Thursday, July 16, 2009

Rufus Jones got me to thinking

"Whatever your mind comes at, I tell you flat God is not that!"

Undoubtedly, our F/friend Rufus did not want anyone to put God in a box. It seems that so many contemporary unprogrammed Friends are drawing inspiration these days from our hero from across the great schismatic divide, that many believe he was an FGC progressive instead of a Five Years Meeting liberal.
I have been told however, that Rufus Jones knew enough about some god or another to deliver sermons every First Day at his Friends “church.” Like many contemporary Quakers who reject the idea of an even somewhat articulate deity, Rufus could articulate theology with the best of them in a manner that accepted all but marginalized each. Like most liberals, Rufus Jones seems to have had a bone to pick with particularity.
Of course, many of those intelligent persons who lean toward the left side of the religious/spiritual/political spectrum insist that they love diversity. And they love unity.

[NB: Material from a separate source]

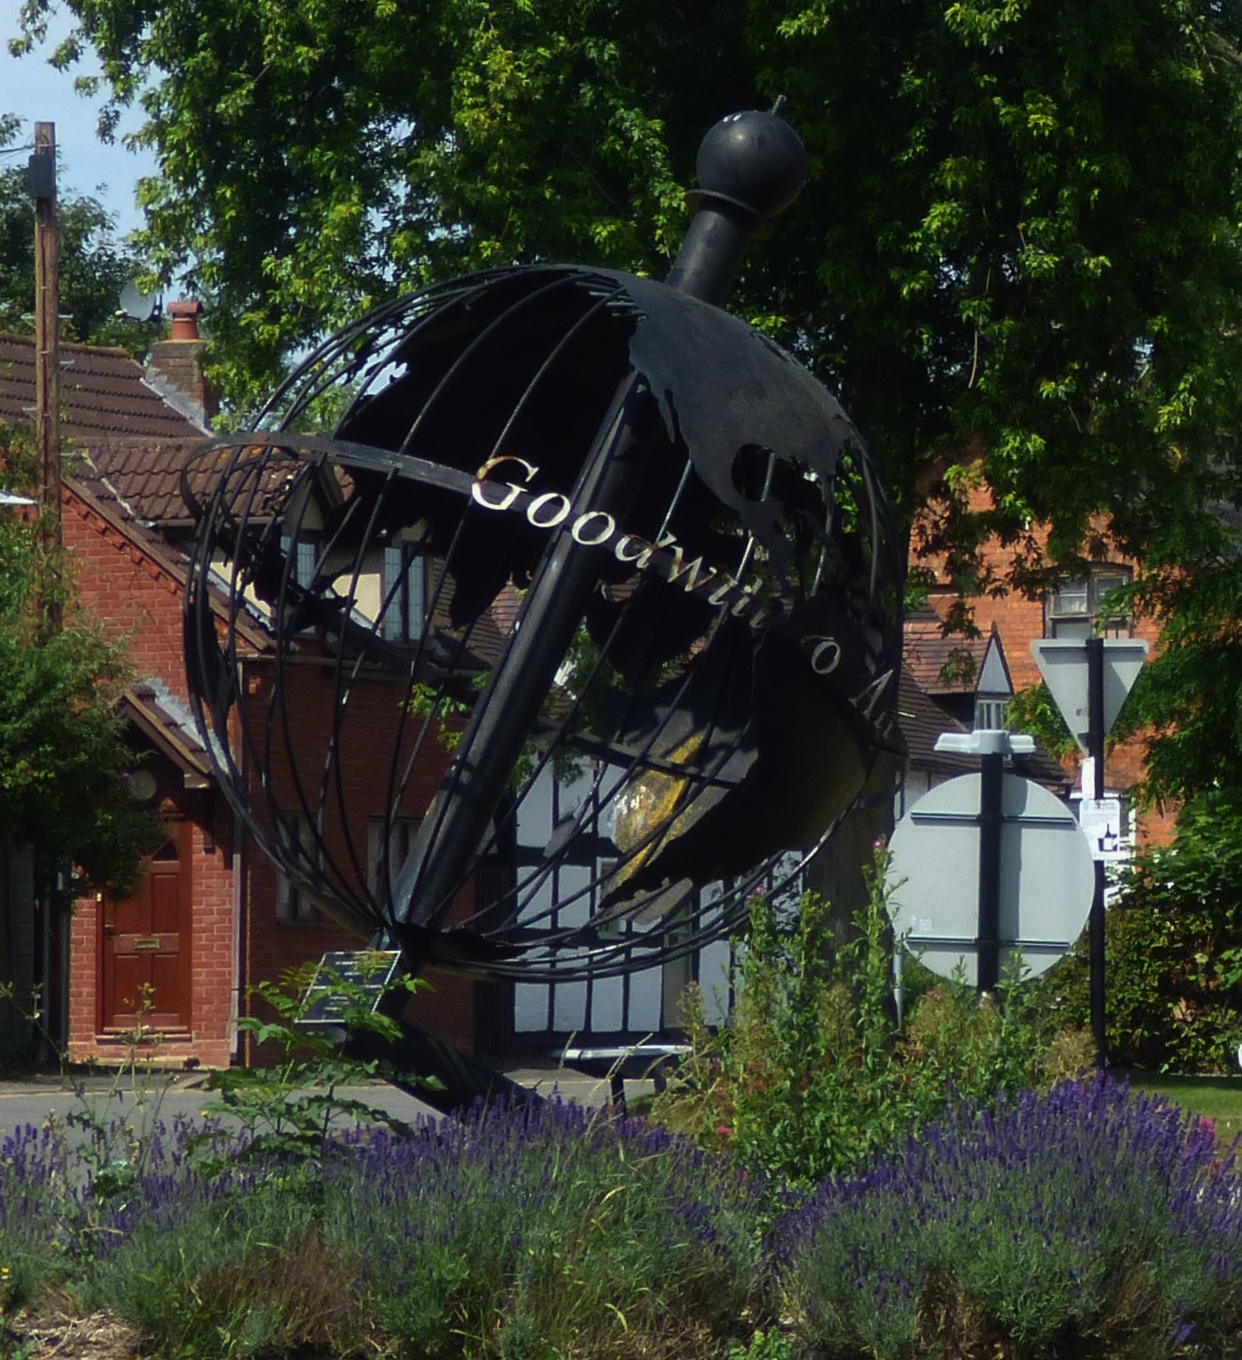 Yard globe - Wikipedia

But there is a conundrum that rises to the occasion every time diversity is a means to a universal unity instead of a means to better problem-solve within the context of multi-particularity. If you claim to love diversity, you must allow it to exist in all of its extremes, as well as in all of its shades of Quaker Gray. Otherwise, you marginalize all of those people who insist upon maintaining their unique corporate identity while, at the same time, you are cherry-picking - and then homogenizing for the marketplace - all of the more attractive aspects of the particular. In the end, you end up eating Chi-Chi’s instead of authentic Mexican, or drinking St. Pauli Girl instead of a real German Lager. It’s like corporate chicken versus homegrown, which has quite a few flaws in the presentation, but eats all the better. In other words, if you limit diversity to including only those particulars that are entirely aesthetically pleasing, you get a corporate chicken - minus the blood and gore and having to pick the feathers - but it sure doesn’t digest as well and you miss out on the whole process.

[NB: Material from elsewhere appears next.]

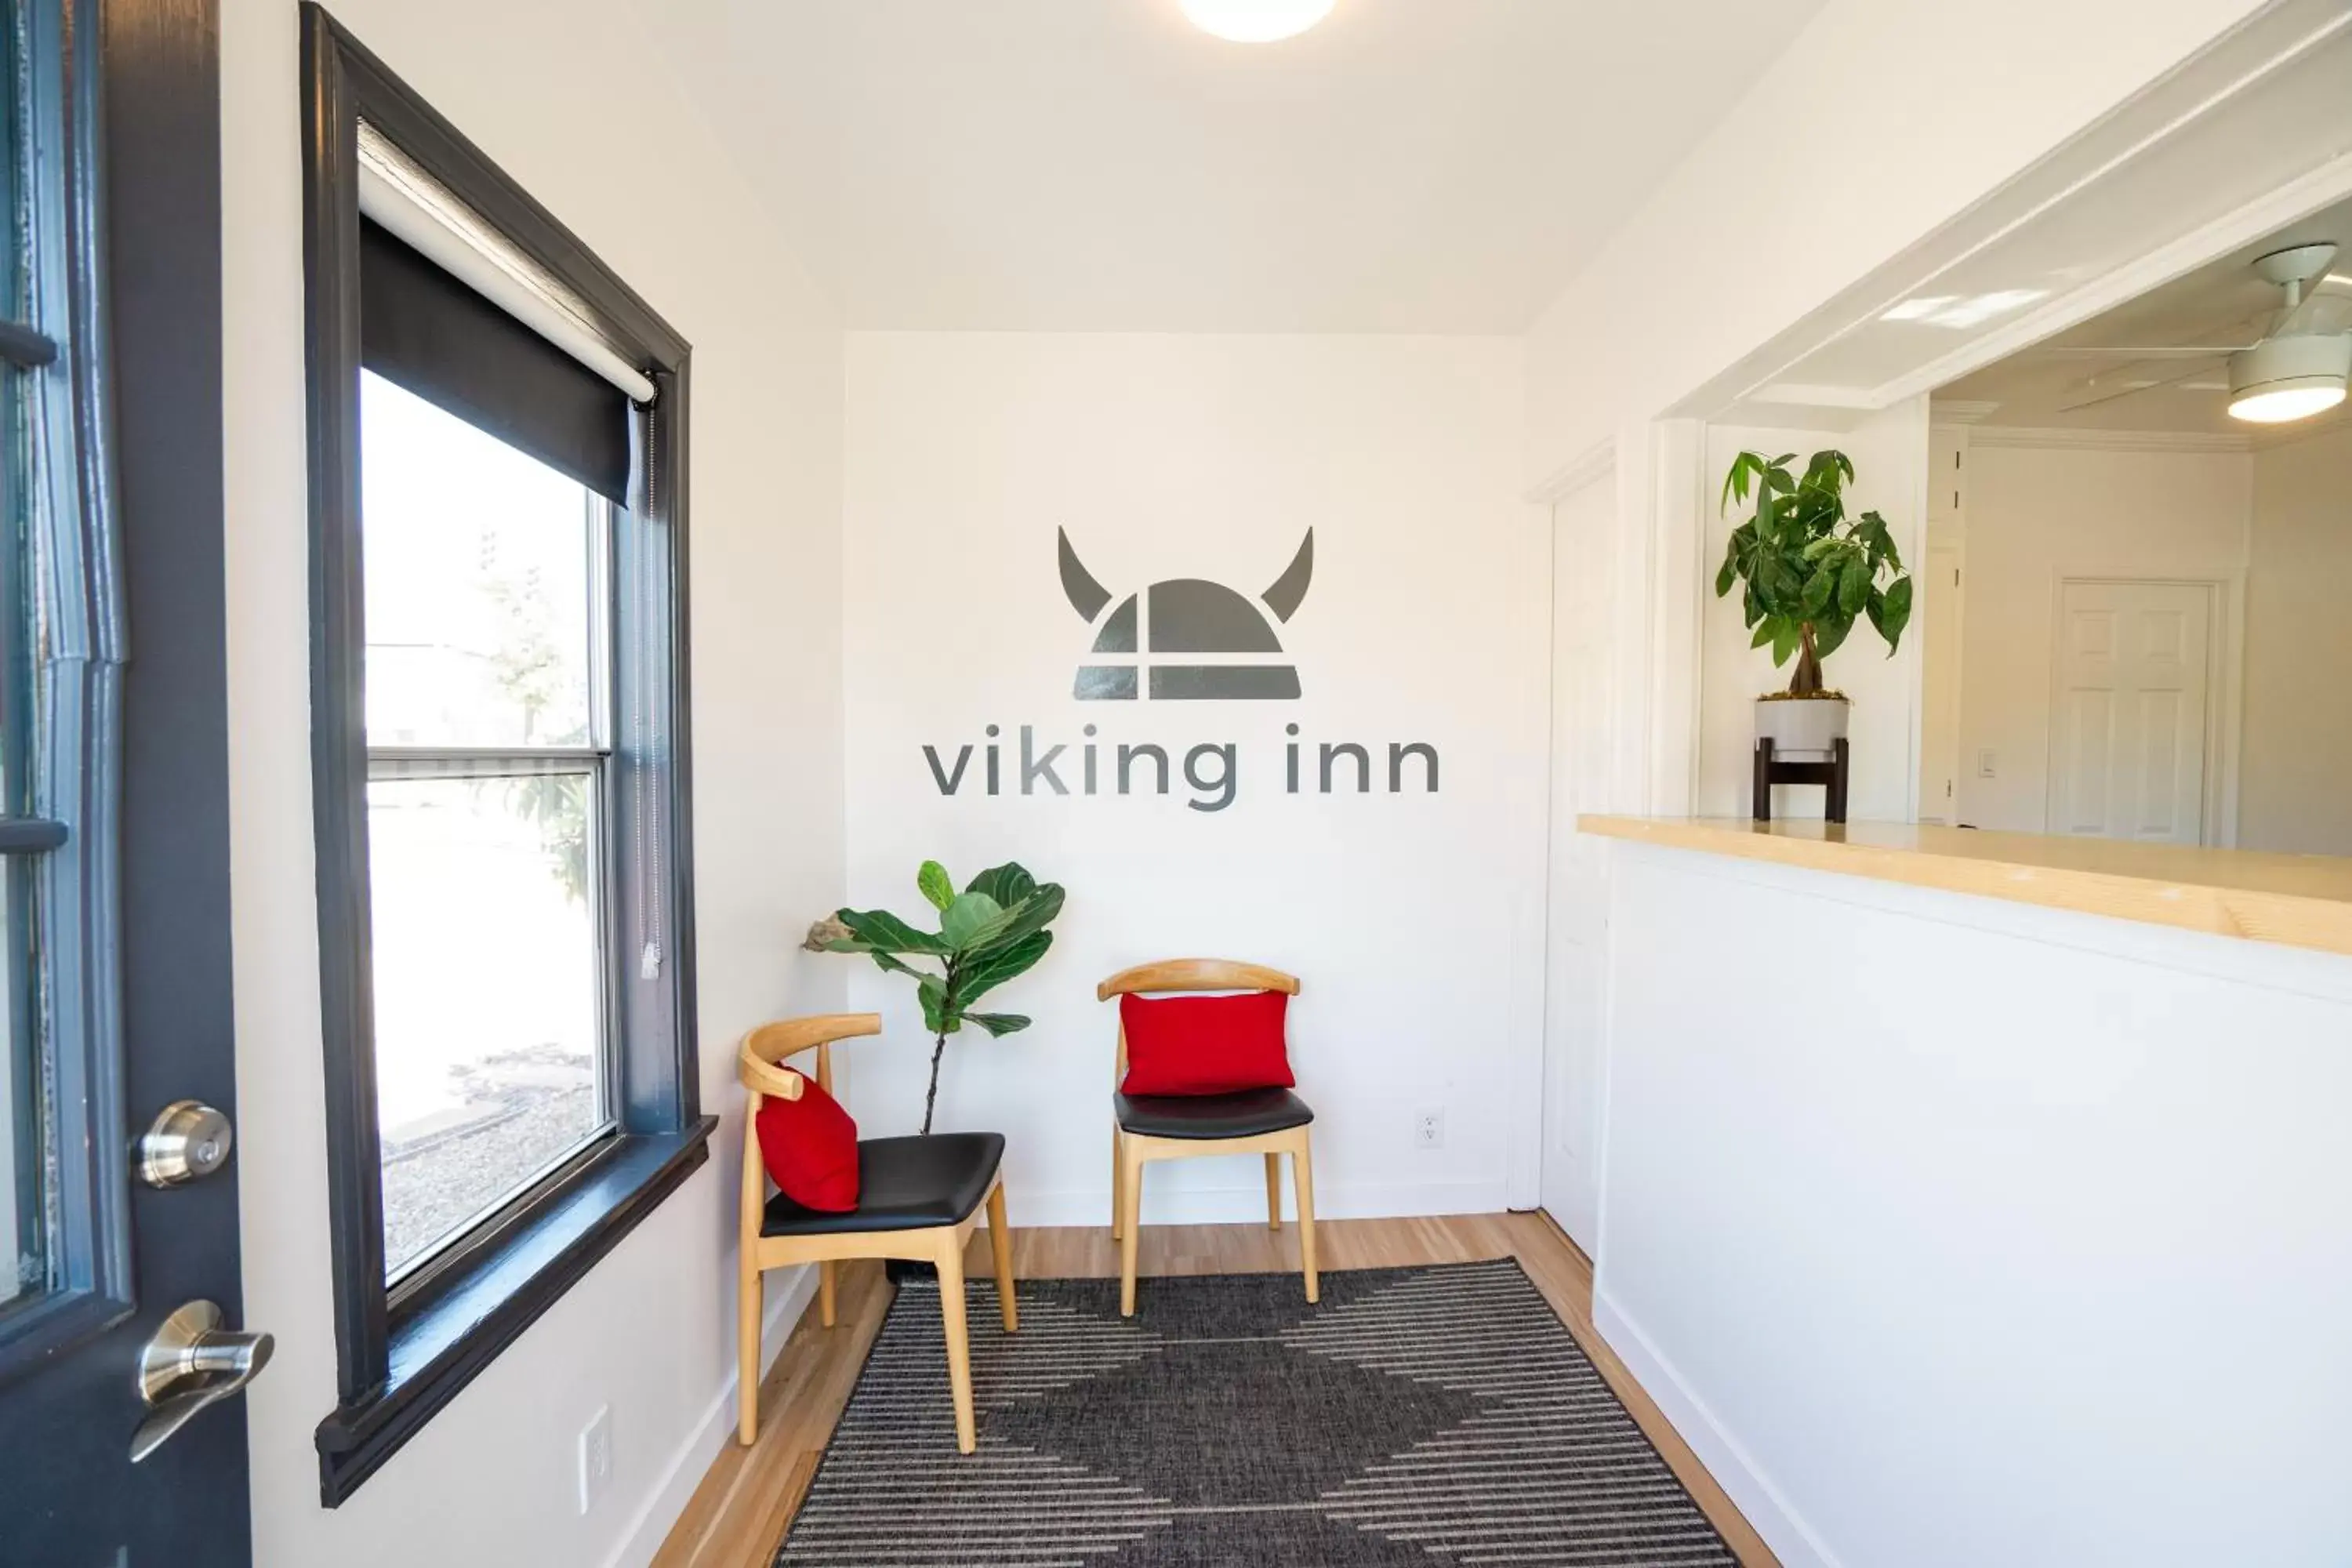 Lobby or reception in Viking Inn

Food and farming examples may not strike a chord with everyone, however. But, what might, is that the more we as Friends take up the attitude of Rufus Jones, the more we limit true diversity by marginalizing all of those persons who believe that God has been revealed to them in specific ways. On the other hand, by maintaining our particularities as group founded on the principles of Jesus-centered and Spirit-revealed primitive Christianity, we have an identity with which we can contribute to a diverse world, learn from listening to other particularities, and having meaningful conversations with the Other about how we can make our world a better place. We cannot BE diversity, but we can successfully participate in the greater reality of a pluralistic society. Pluralism is great, it is syncretism and the colonialization of other faiths that is bad.